I keep running into issues animating with tweens or moves when a character needs to scale and move at once, like a char riding a zipline into the distance or a ship flying up from a planet. Is there a way to change this or to fake it somehow with dynamic sprites, to make a char scale from top center or object from the top right, etc
In general case you can set their position with offset in script. For characters there's LockViewAligned and LockViewOffset functions. I don't remember what LockViewAligned is suitable for, but LockViewOffset probably is suitable for the described situation.
The offset is calculated by taking current frame/graphic size and multiplying by scale, for example:
int offset_x_align_left = (pic_width / 2) * mycharacter.Scaling / 100
int offset_x_align_right = -(pic_width / 2) * mycharacter.Scaling / 100
Getting current graphic size may be done by combining Game.GetViewFrame and Game.SpriteWidth/Height:
ViewFrame* vf = Game,GetViewFrame(mycharacter.View, mycharacter.Loop, mycharacter.Frame);
int frame_width = Game.SpriteWidth[vf.Graphic];
int frame_height = Game.SpriteHeight[vf.Graphic];
EDIT: I just remembered that since AGS 3.6.1 LockViewOffset is scaled automatically if you have a "Scale Character sprite offsets" option enabled in General Settings. So in that case you don't have to multiply by scale, and provide offset in unscaled units.

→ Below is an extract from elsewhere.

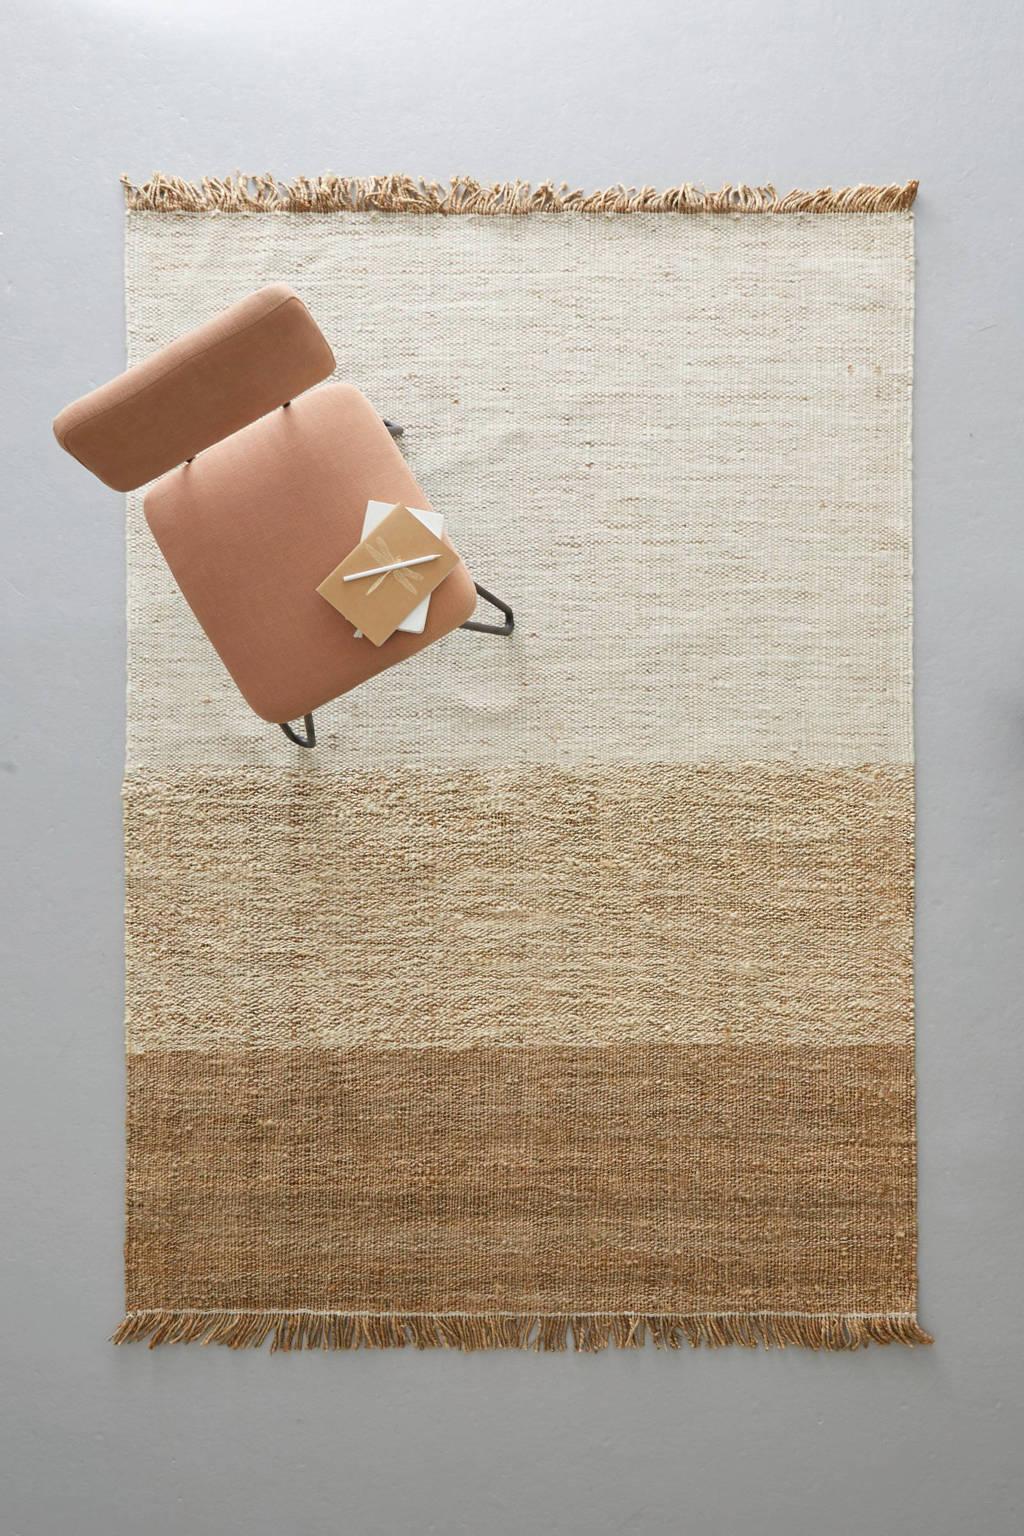 whkmp's own vloerkleed Sicco  (290x200 cm)

I appreciate the answer as always, and the right align will do what I want in a few cases, but what I was really hoping for was being able to change the y align
Quote from: FortressCaulfield on Mon 10/02/2025 11:38:59what I was really hoping for was being able to change the y align
For Characters you can use Character.z for the Y-offset. The "Scale Character sprite offsets" CW mentions should make it work when you scale it.

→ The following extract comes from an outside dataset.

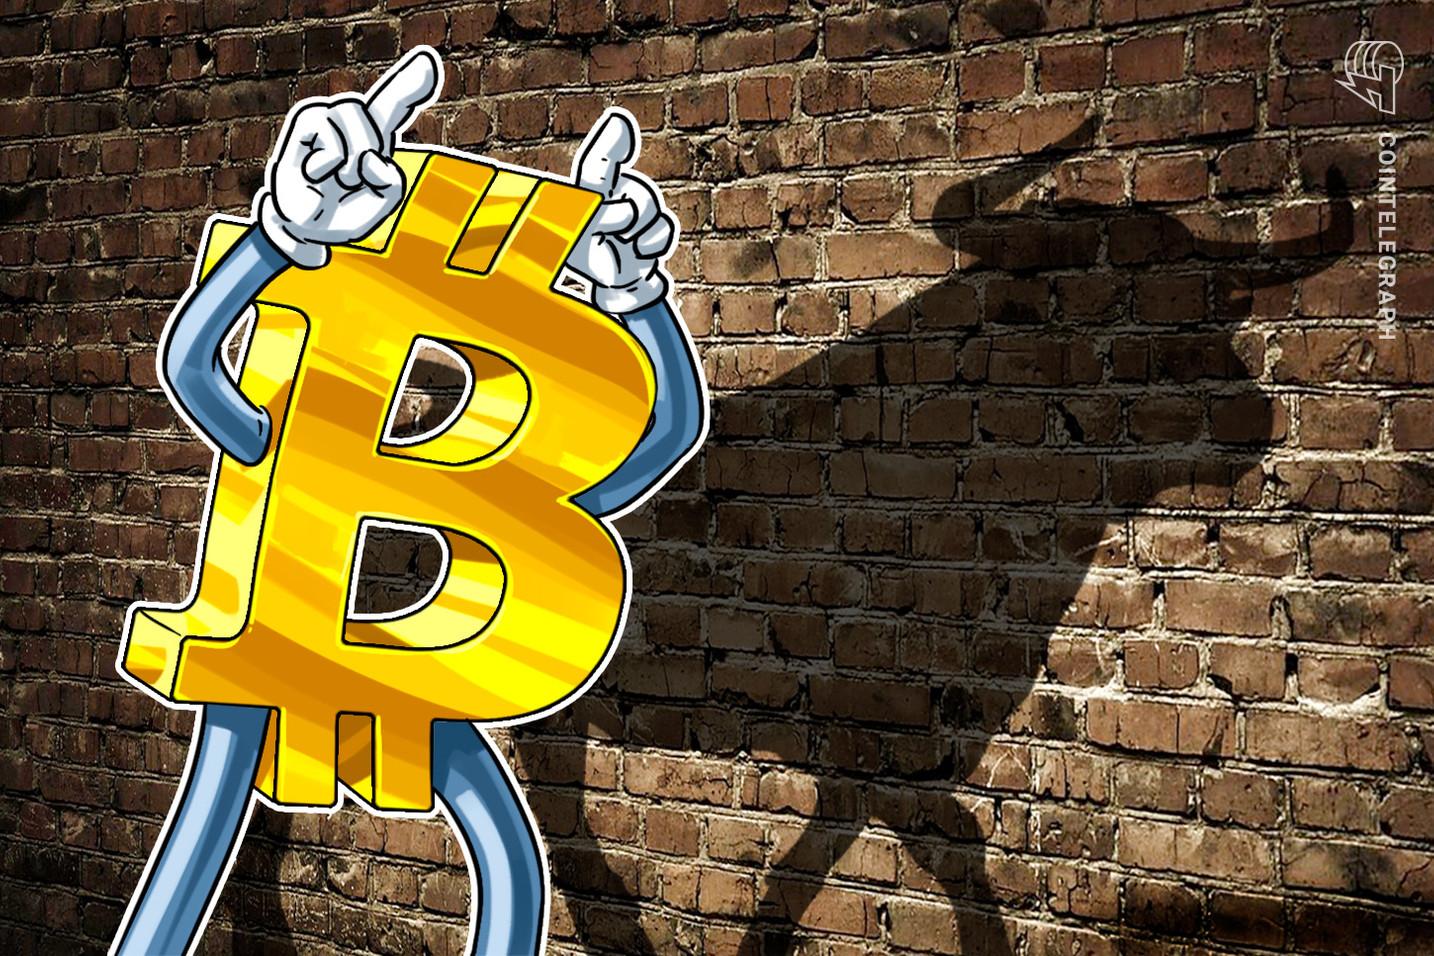 3 Bitcoin Price Metrics Just Converged — A Bull Run Has Always Followed
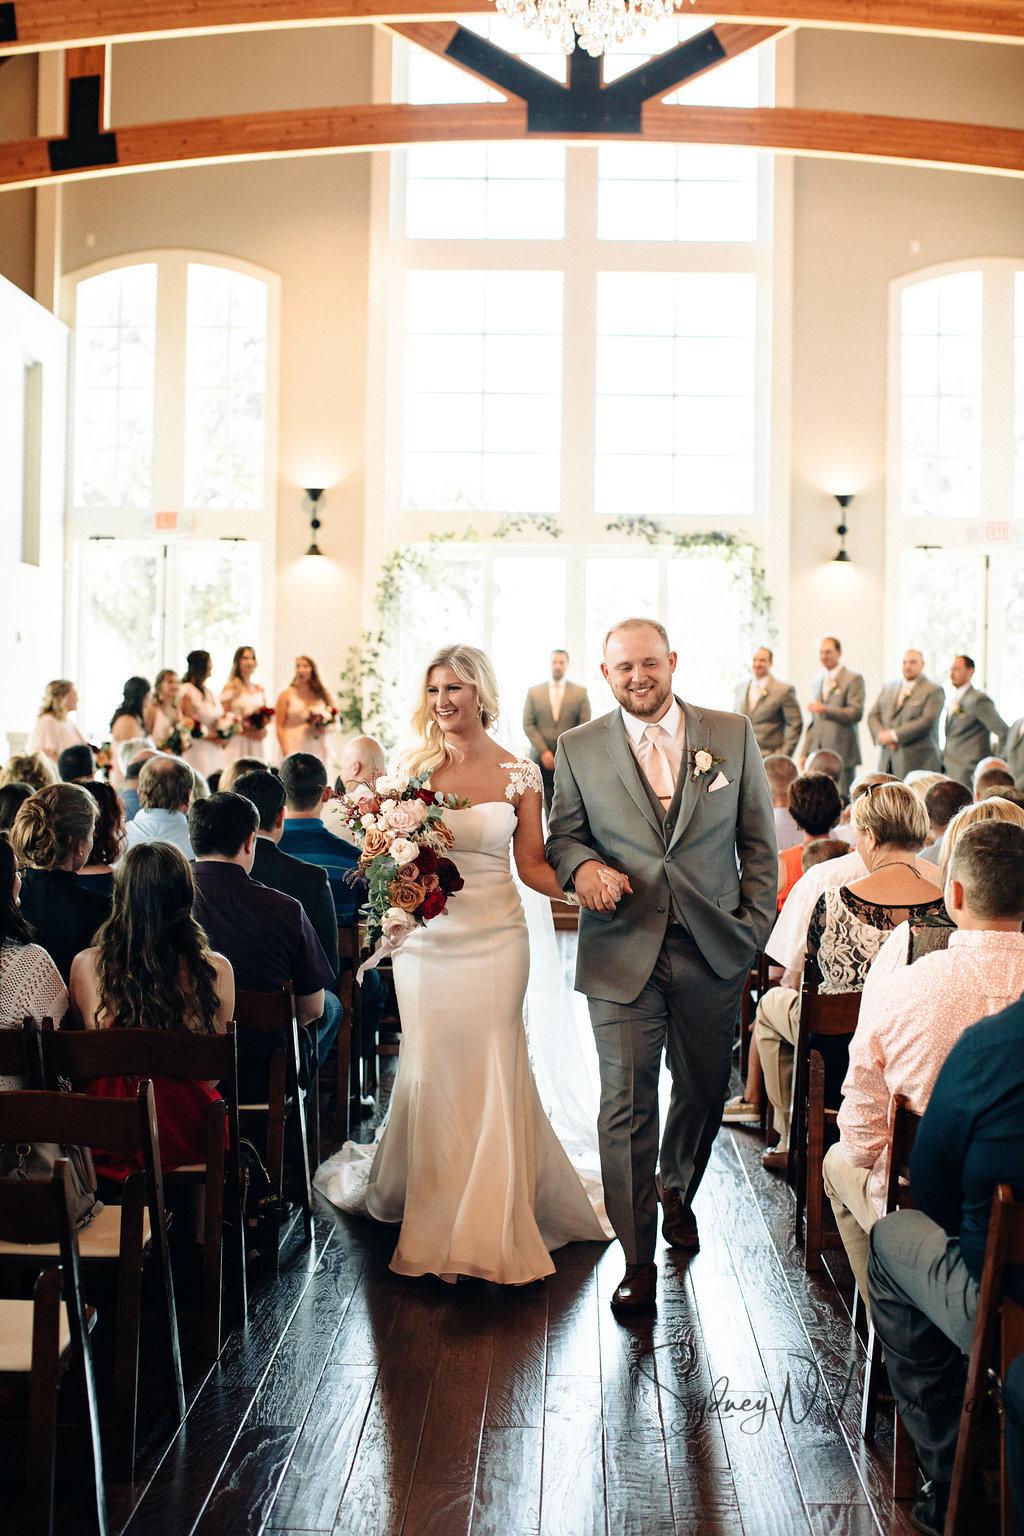 sydney-davidson-wedding-stillwater-oklahoma-wedding-session-traveling-photographer-portrait-tulsa-oklahoma-3016.jpg

For Objects, you have to calculate the scaled offset yourself. That having been done, making it work with Tweens is pretty easy: Instead of TweenPosition you would use a custom Tween for both the X and Y, and each loop you add the offset to the values and set the position to the results. (Though personally I think if you're already doing this manually it's usually easier to just do the movement calculation yourself rather than tweening it.)
Object.Move won't work, but you can pretty easily script your own Move function for moving in straight lines. For moving along walkable area paths I would use a Character rather than an Object.